During this period, in addition to his role on The Phil Silvers Show, Melvin was often cast in slightly loud, occasionally abrasive, but generally friendly second banana roles. Melvin was also adept at "tough guy" roles; in an example of his range as an actor, one episode of The Phil Silvers Show featured Melvin doing a recognizable impersonation of Humphrey Bogart.

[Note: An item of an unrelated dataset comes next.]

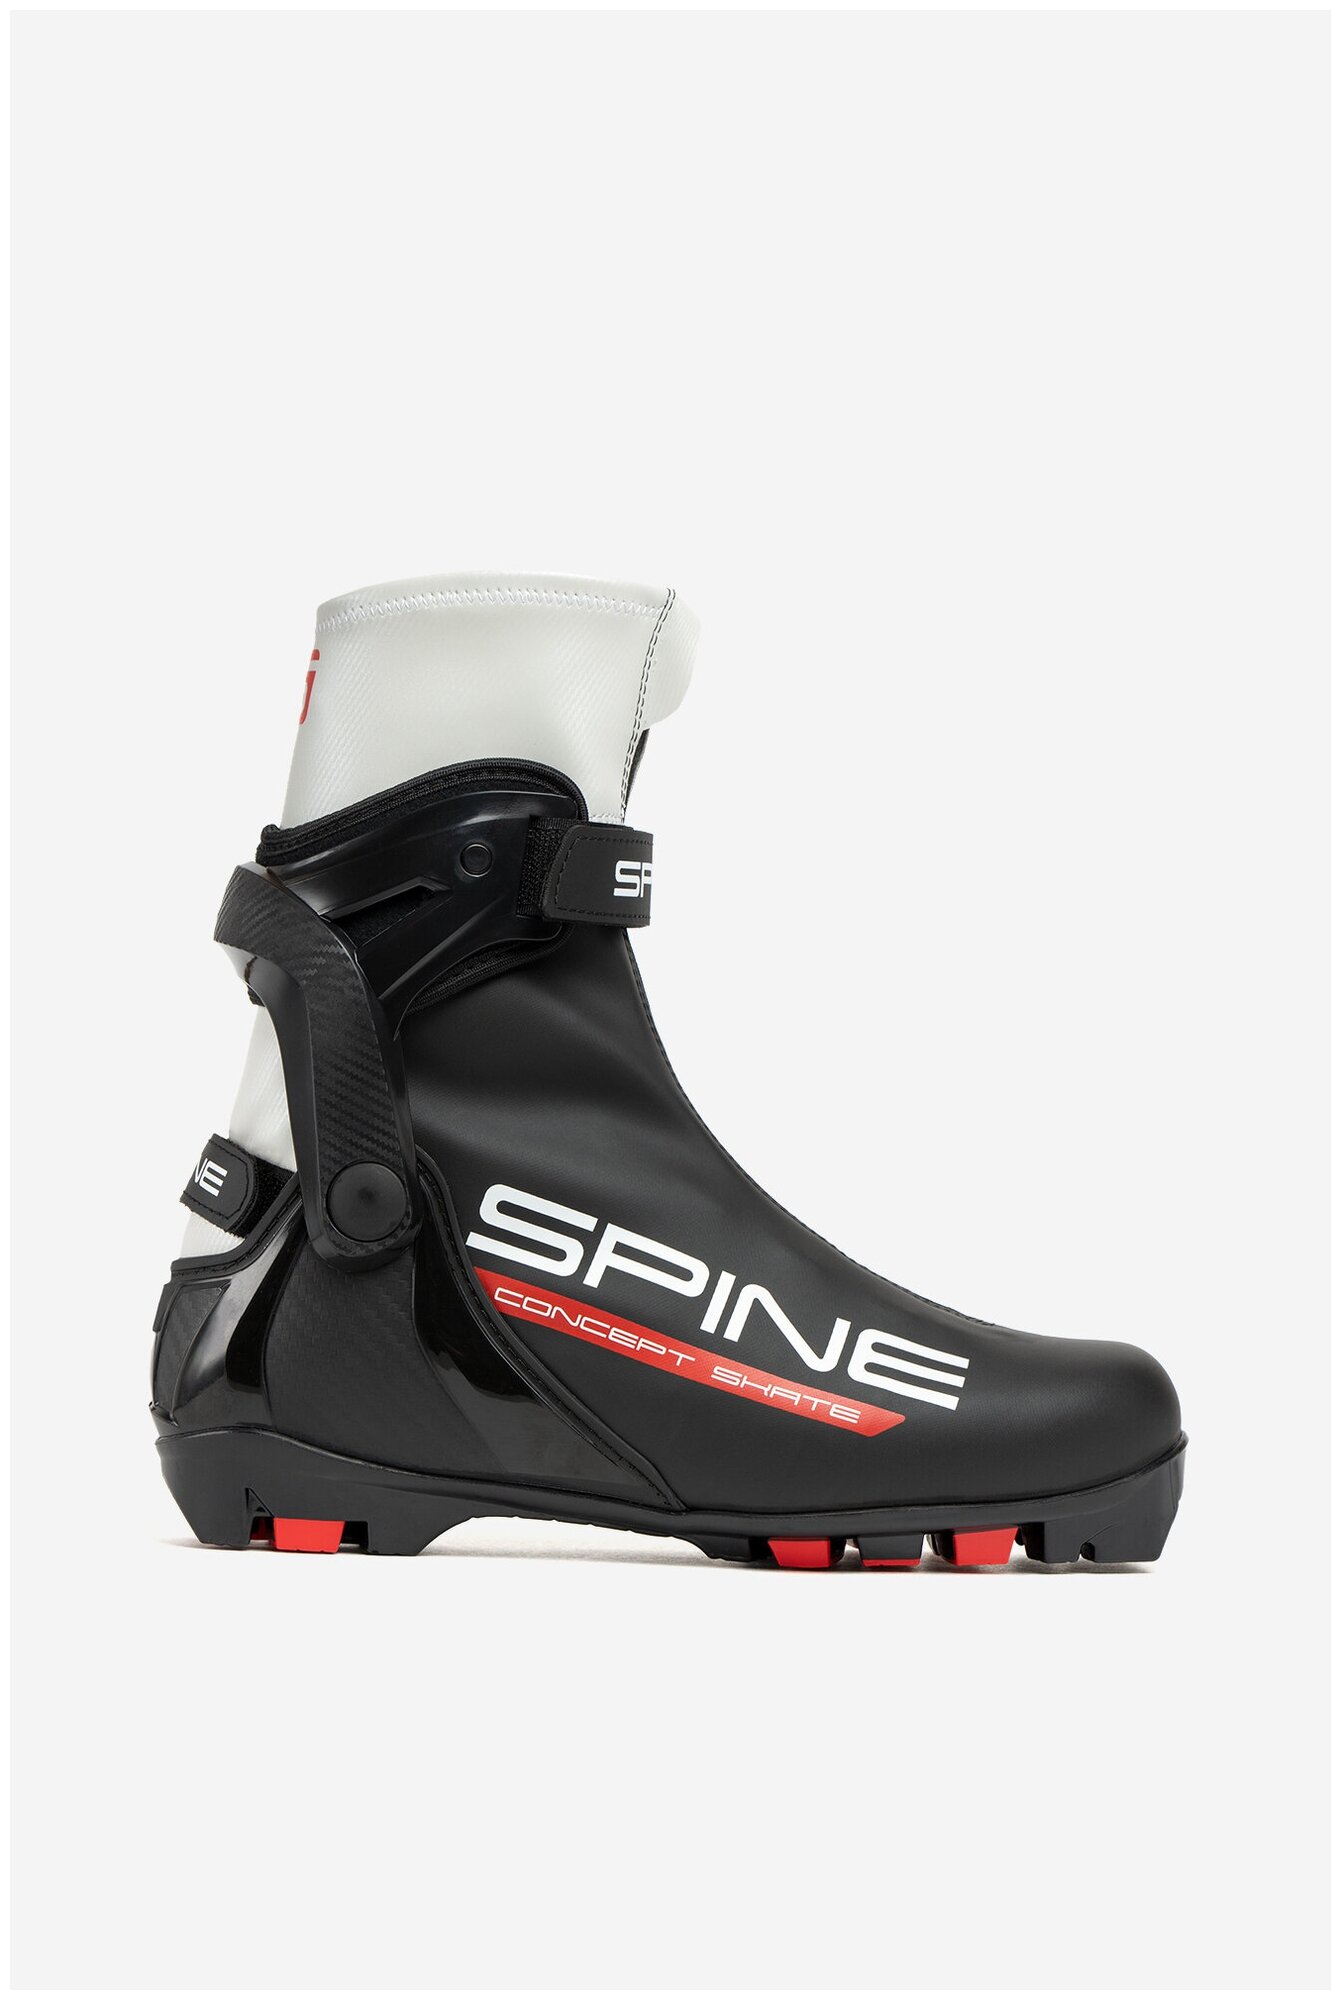   Spine Concept Skate 296-22 NNN (.47)
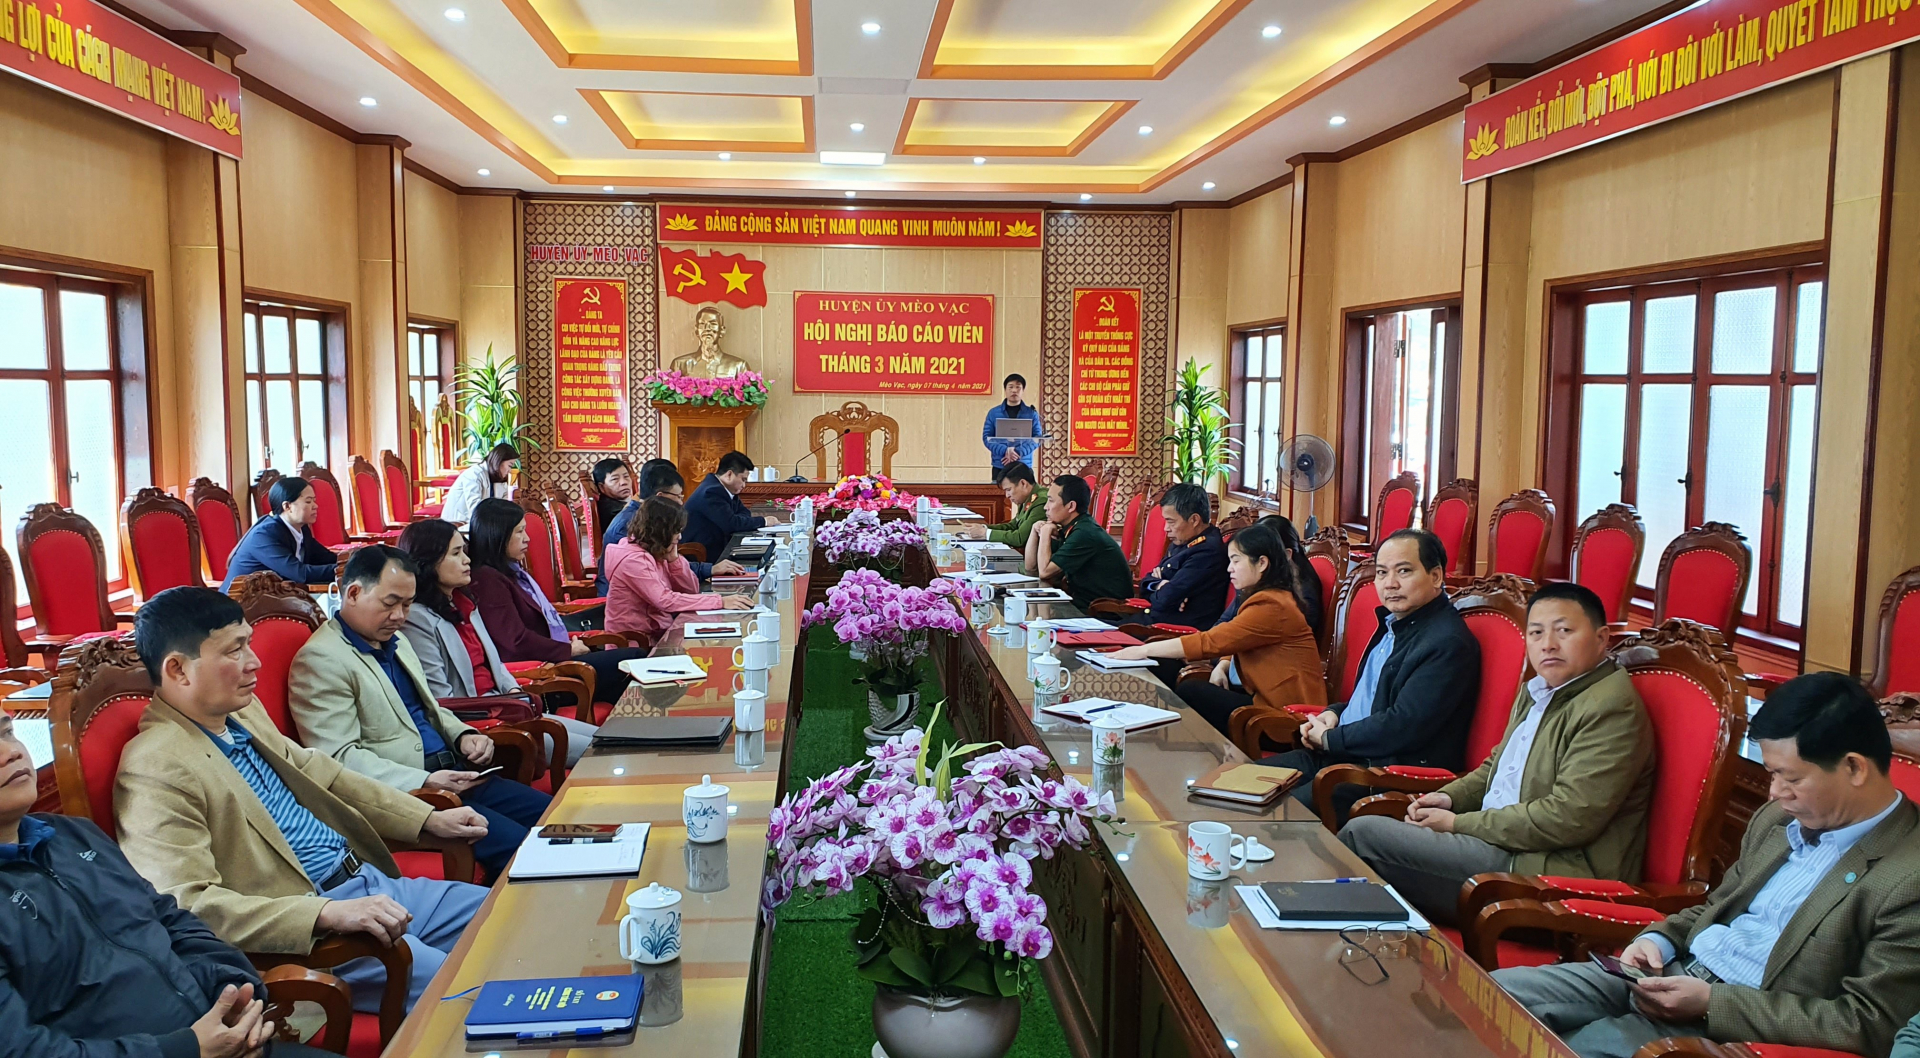 Hội nghị báo cáo viên được Ban Tuyên giáo Huyện ủy Mèo Vạc triển khai trực tuyến về cơ sở. (Ảnh chụp trước 25.10)

In the 1960s, Melvin worked extensively at CBS for Sheldon Leonard and Aaron Ruben. He played Staff Sgt. Charlie Hacker who was Sgt. Vince Carter's rival for four seasons on Gomer Pyle, USMC. He also made eight appearances on The Dick Van Dyke Show. He also provided the voices of cartoon character Magilla Gorilla, the lion Drooper on The Banana Splits Adventure Hour, archvillain Tyrone in The Secret Lives of Waldo Kitty and Bluto on The All New Popeye Hour. Melvin also made eight guest appearances on The Andy Griffith Show in eight different roles, usually as heavies. He also made three guest appearances on Perry Mason in various roles, including reporter Bert Kannon in the 1966 episode, "The Case of the Sausalito Sunrise." Also in 1966 Allan played the space enforcer on the series Lost in Space, in the episode "West Of Mars".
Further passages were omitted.